Yes, what a way to cap a day of property loss and civic terror!

 

 

 

“But here’s one anyway.”

 

 


Muir’s has been discussed here before, since this year’s 1920s ads were taken from Maclean’s, a Canadian publication.

I don’t know why the chocolates were so ominous.

 

 

I think we can all agree on the usefulness of a good Horrockses Nainsook:

 

 

Nainsook is a fabric. But does it say Horrockses on the Madapolam selvedge?

The company goes back a ways:

The company was formed by John Horrocks in 1791. John Horrocks was the son of Mr John Horrocks, a quarry master and manufacturer of millstones at Edgworth near Bolton.

That's in England.

It merged and disappeared. As they do. Why did they have stylized mice for a logo? Search for an answer, and you get . . . an ashtray.

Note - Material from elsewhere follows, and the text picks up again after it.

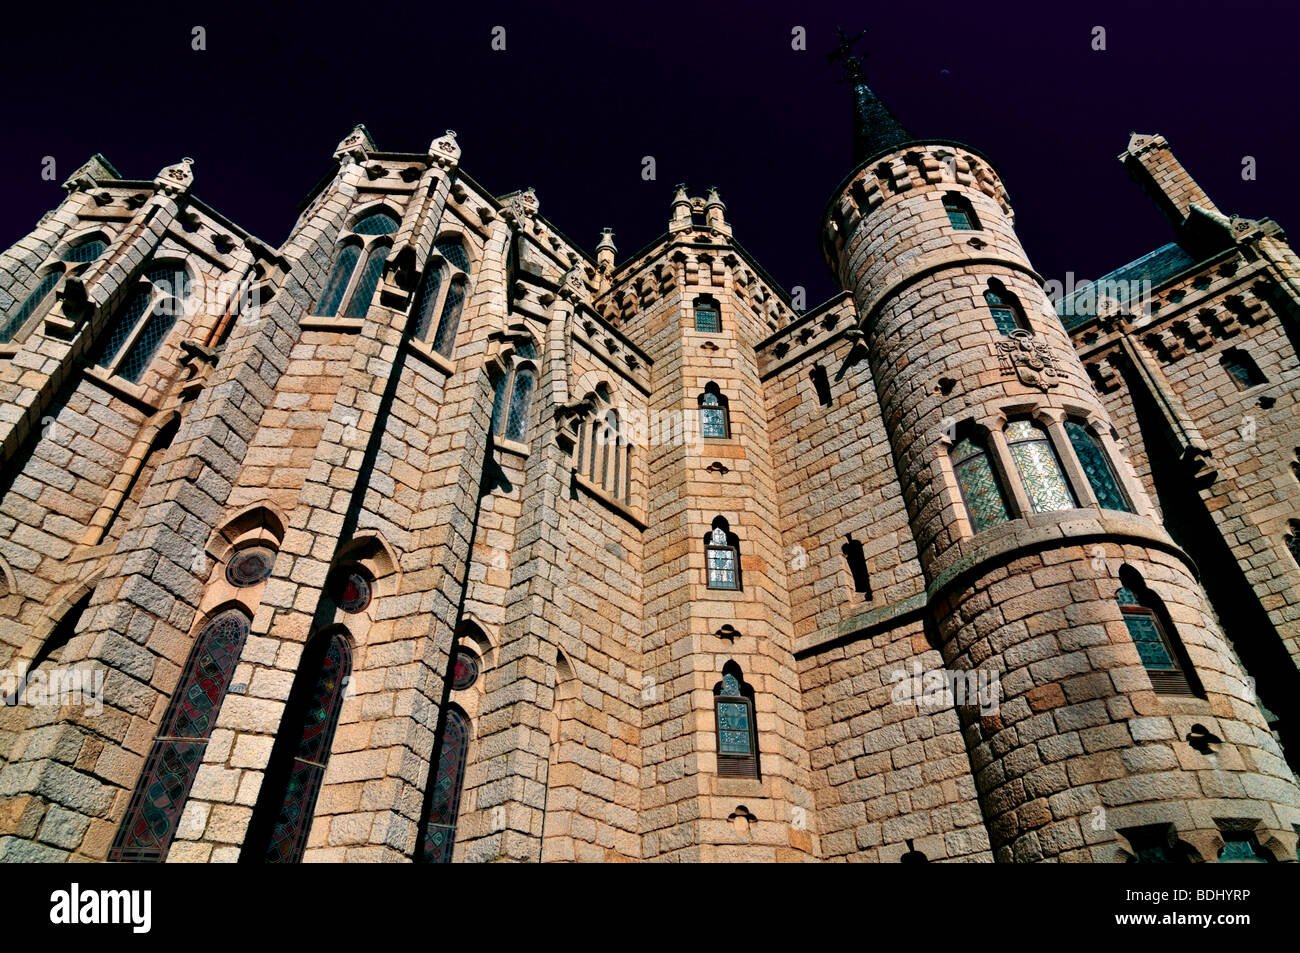 Spagna, San Giacomo modo: Palazzo del Vescovo di Antonio Gaudí Foto Stock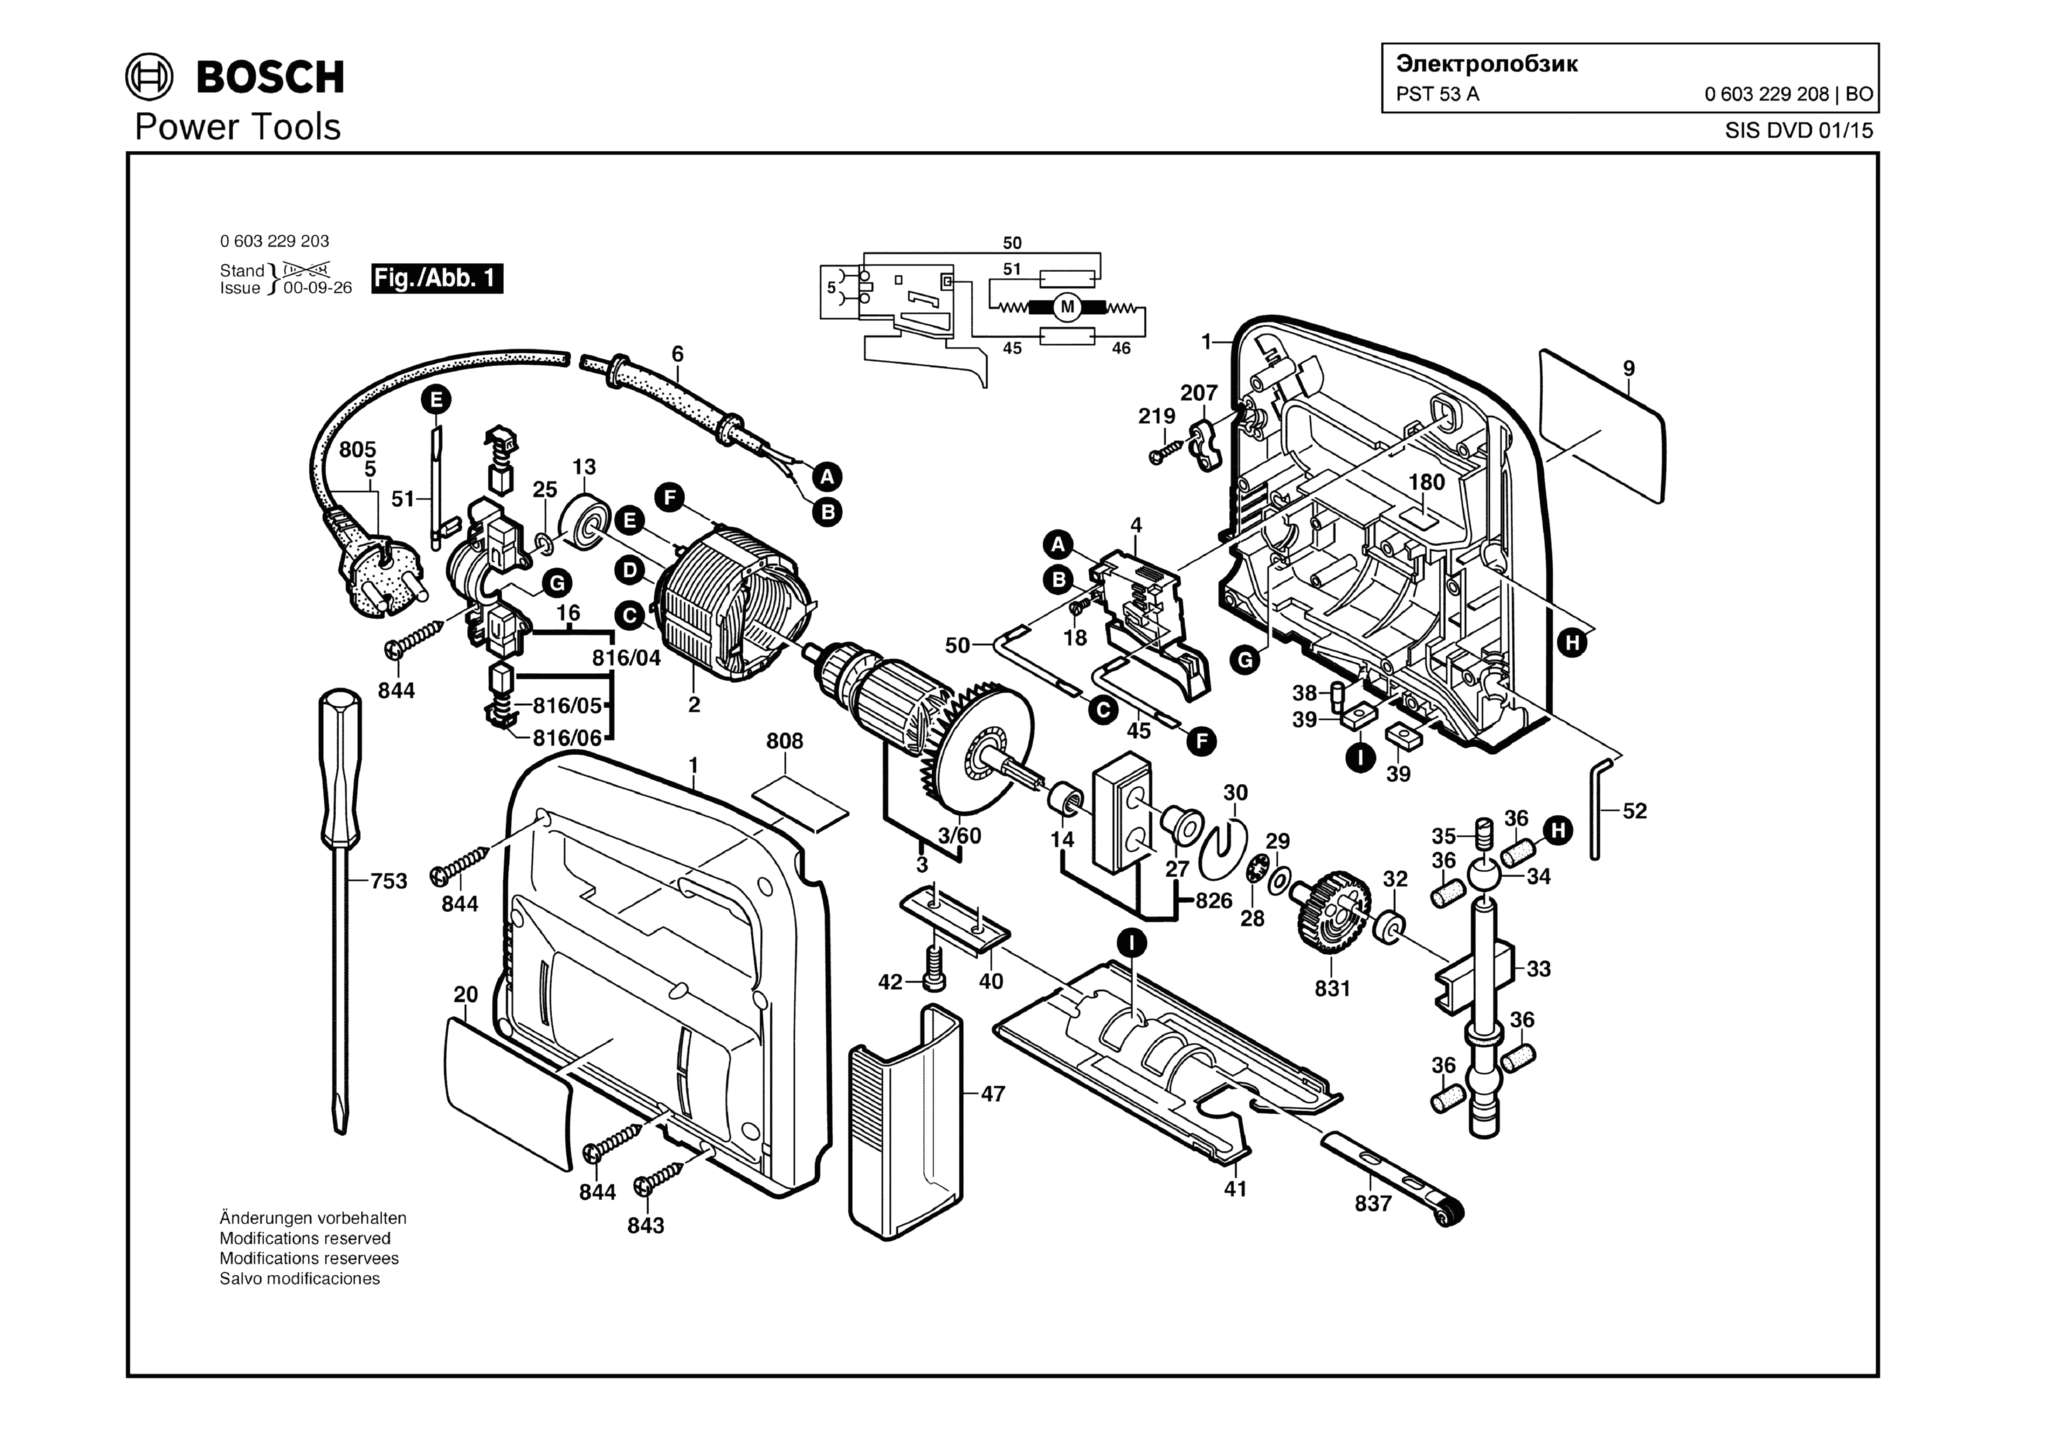 Запчасти, схема и деталировка Bosch PST 53 A (ТИП 0603229208)

You know the quantity and variety of consumer goods has yet to hit its peak when this much time and money goes into selling you valve stem caps:

 

 

Pity the poor allegorical maiden who landed this job. Well, it’s a start! Perhaps after a few decades I can work up to safety pins, or butter!

I don’t think this was news to anyone:

 

That’s just a lot of hair. Half your day would be spent maintaining your hair.

 

 

Splendid for children! Basically okay for men, who shouldn’t be concerned about such things.

It’s MULSIFIED. This is different from being emulsified? The latter means “cause to become an emulsion; make into an emulsion.” This does not help if you’re unclear on the root word. So, Emulsion: “a colloid in which both phases are liquids; ‘an oil-in-water emulsion’”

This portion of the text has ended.